# Physical Violence Based on Interrupted Dreams



## Nethercore (5 Jan 2012)

I just have a question...my boyfriend was having a dream where he was in a knock down drag out fight with another person, and while this was going on I saw him sleeping peacefully.  He wasn't moving at all.  I felt safe to kiss him and when I woke him up with that he told me he almost hit me because of his dream.  

Is that normal?

Maybe I should stick to kissing him when he's awake!  :  I should probably mention that he is very gentle with me, has never hit me and is more likely to protect me from harm than cause it.


----------



## DexOlesa (5 Jan 2012)

heh, yeah I'm not a violent person, but I remember one dream I was fighting for my life.

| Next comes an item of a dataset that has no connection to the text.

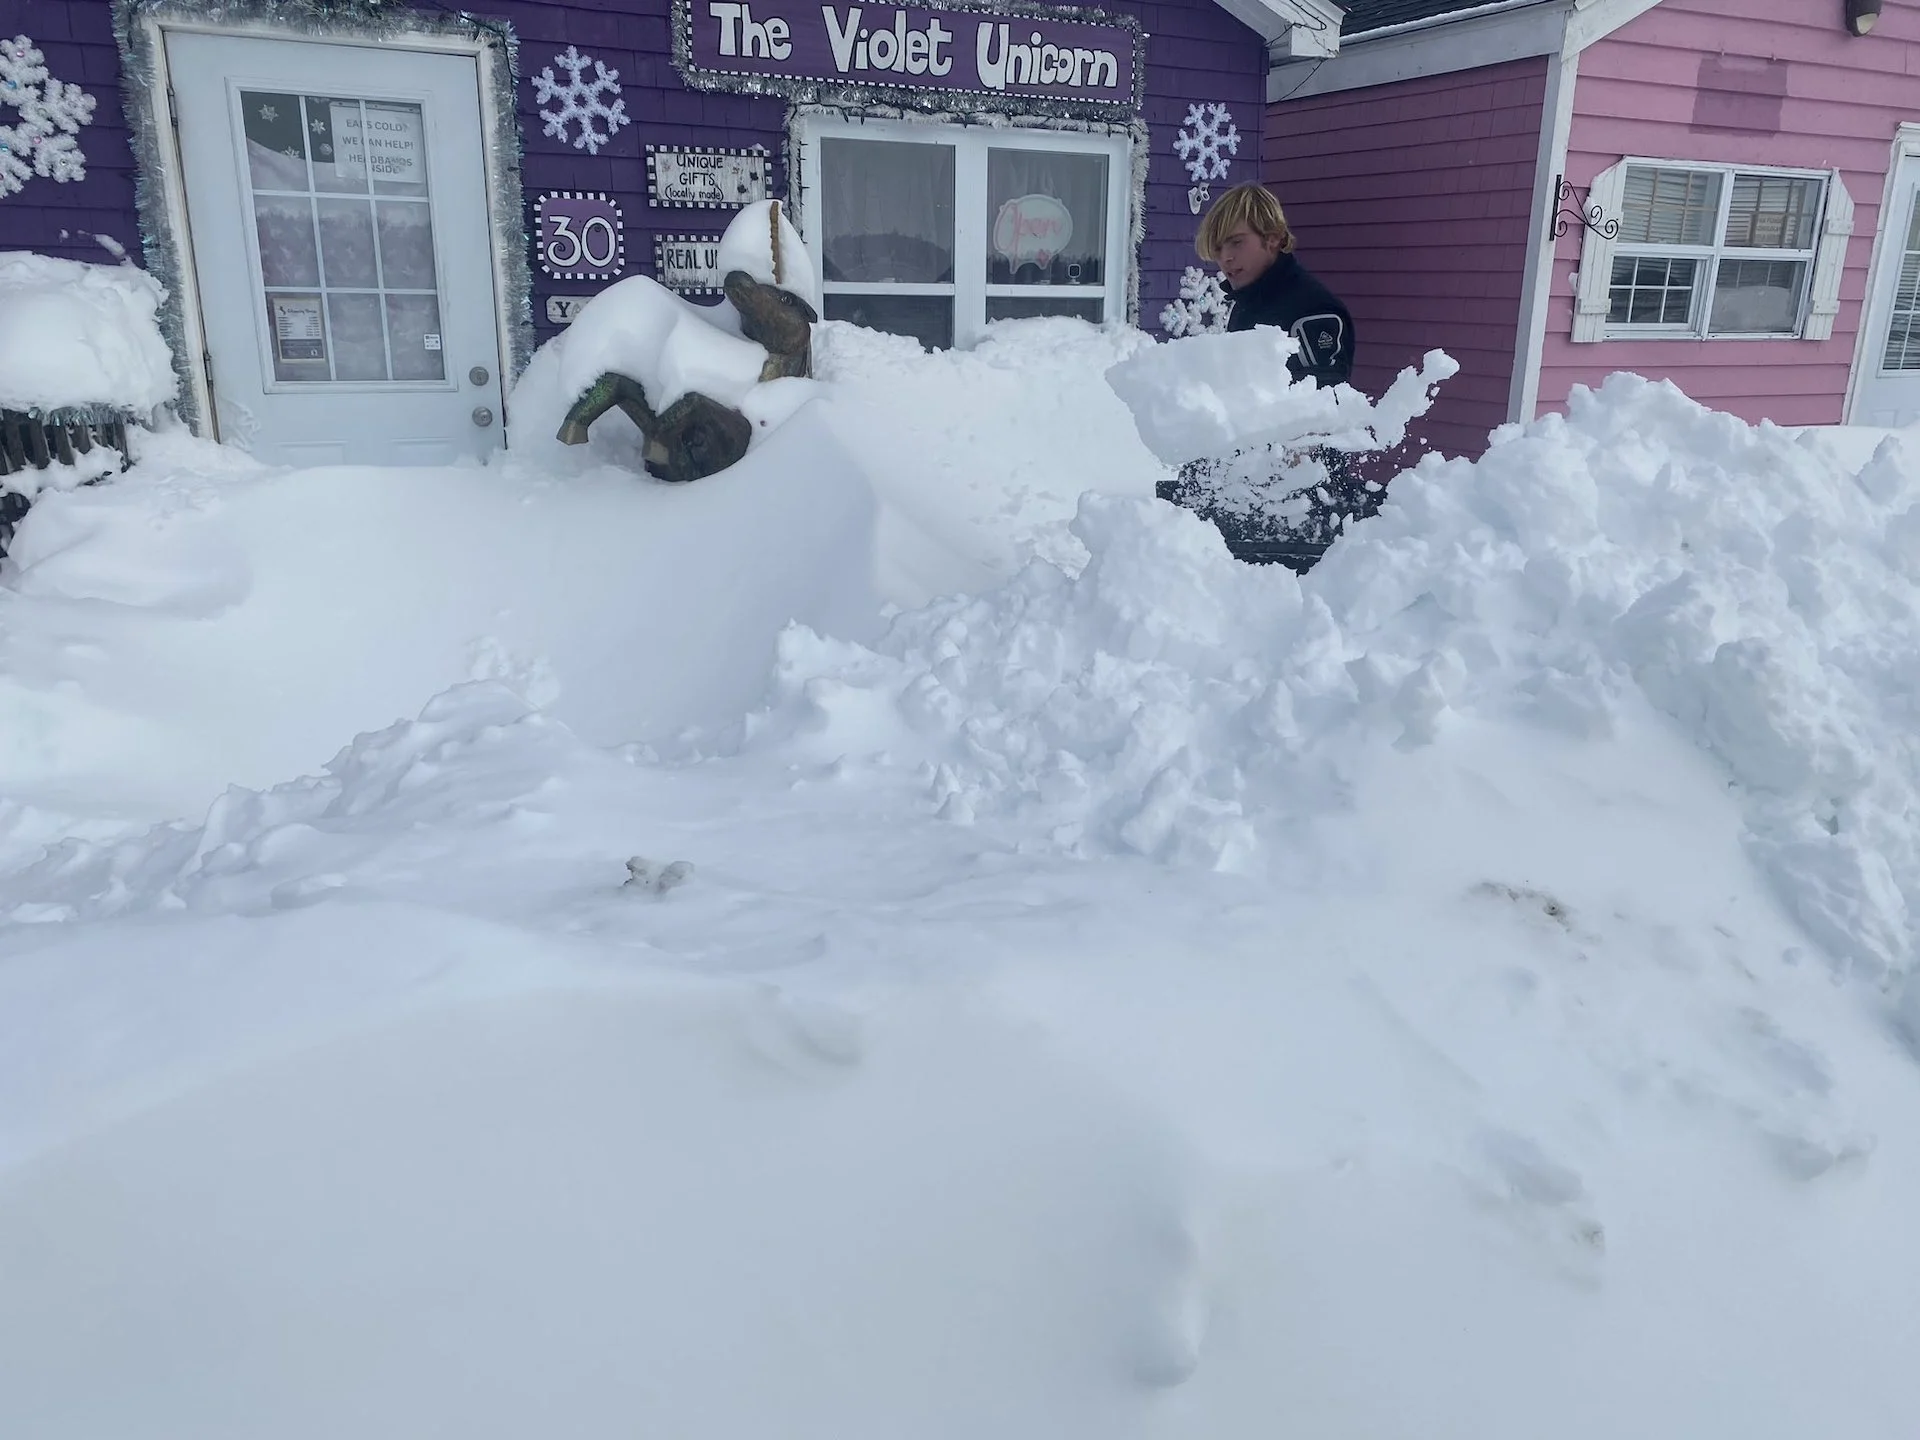 Nova Scotia digs out after epic snowfall as storm heads to Newfoundland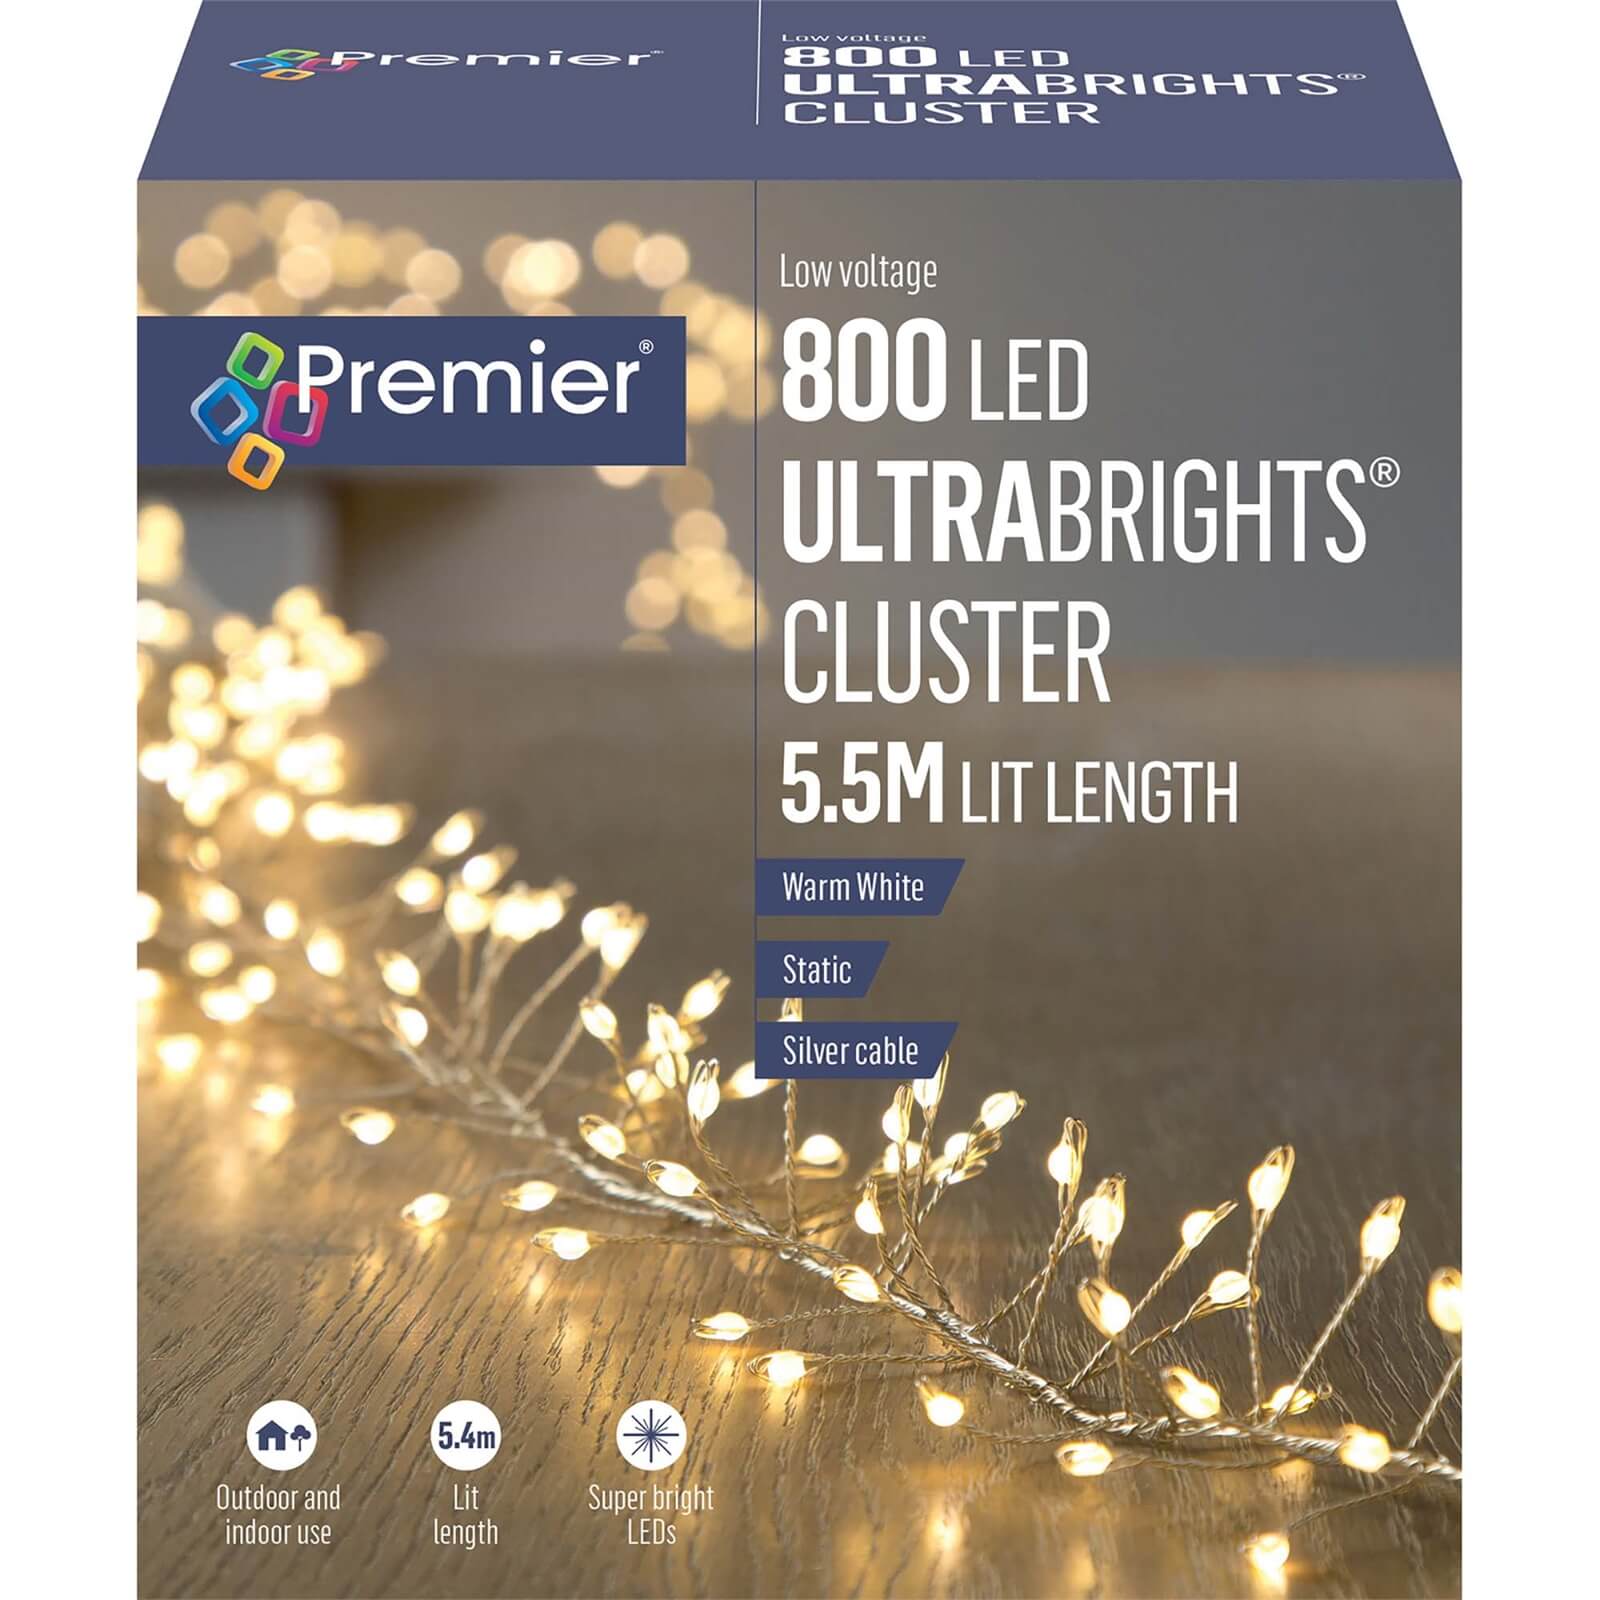 5.5M 800L Ultrabright Cluster Warm White LED Lights

Threw a punch with everything I had in my dream, and smashed my hand against my headboard in real life. The mind is a powerful thing. I'd only be worried if this was an every night thing


----------



## Strike (5 Jan 2012)

My mom once gave my dad a black eye when he tried to do the same thing.  She was deep in sleep dreaming about whatever at the time.  Unfortunately they were visiting friends at the time and got some funny looks the next morning, especially my dad.   ;D

I wouldn't stress about it.  If he makes an aggressive move every time you shift in the bed, then maybe worry.  Surprising someone from a deep sleep every once in awhile and having something like that happen?  Not so much.


----------



## DexOlesa (5 Jan 2012)

Basically it comes down to a very realistic dream, you are then woken up you are disoriented you remember being in danger and all you see is a Face. Then you panic. Bad things happen when people panic  . Its why I was told on course if you want to wake someone up shake their foot. That way they don't see a dark figure hovering over them.


----------



## Strike (5 Jan 2012)

DexOlesa said:
			
		

> That way they don't see a dark figure hovering over them.



I think that's more for your own safety.  You're less likely to get decked because someone's annoyed that you woke them.   :nod:


----------



## Nethercore (6 Jan 2012)

DexOlesa said:
			
		

> heh, yeah I'm not a violent person, but I remember one dream I was fighting for my life. Threw a punch with everything I had in my dream, and smashed my hand against my headboard in real life. The mind is a powerful thing. I'd only be worried if this was an every night thing



Good advice, thanks!


----------



## Nethercore (6 Jan 2012)

You people make me laugh!  Yeah...he's not doing anything strange every night, this was a one time thing which he feels terrible about anyway.  He said he'd hug me until I started laughing again and the pain went away -- can't be a sign of a mean human being there. 

I will definitely remember to shake his foot first, but he might kick at me, he tends to do that! haha  It's the reason I kiss him instead of shaking his foot. 

Maybe I'll just leave him alone.  Waiting for him to wake up seems safer in every aspect!


----------



## Dovely74 (6 Jan 2012)

Maybe you should poke him with a stick?  ;D


----------



## Swingline1984 (6 Jan 2012)

Based on the comments it seems to be pretty common.  My wife occasionally throws punches in her sleep (at least she says she's asleep).  A bit of fun at the link:

http://youtu.be/7-1VWbUQOMc  :duel:


----------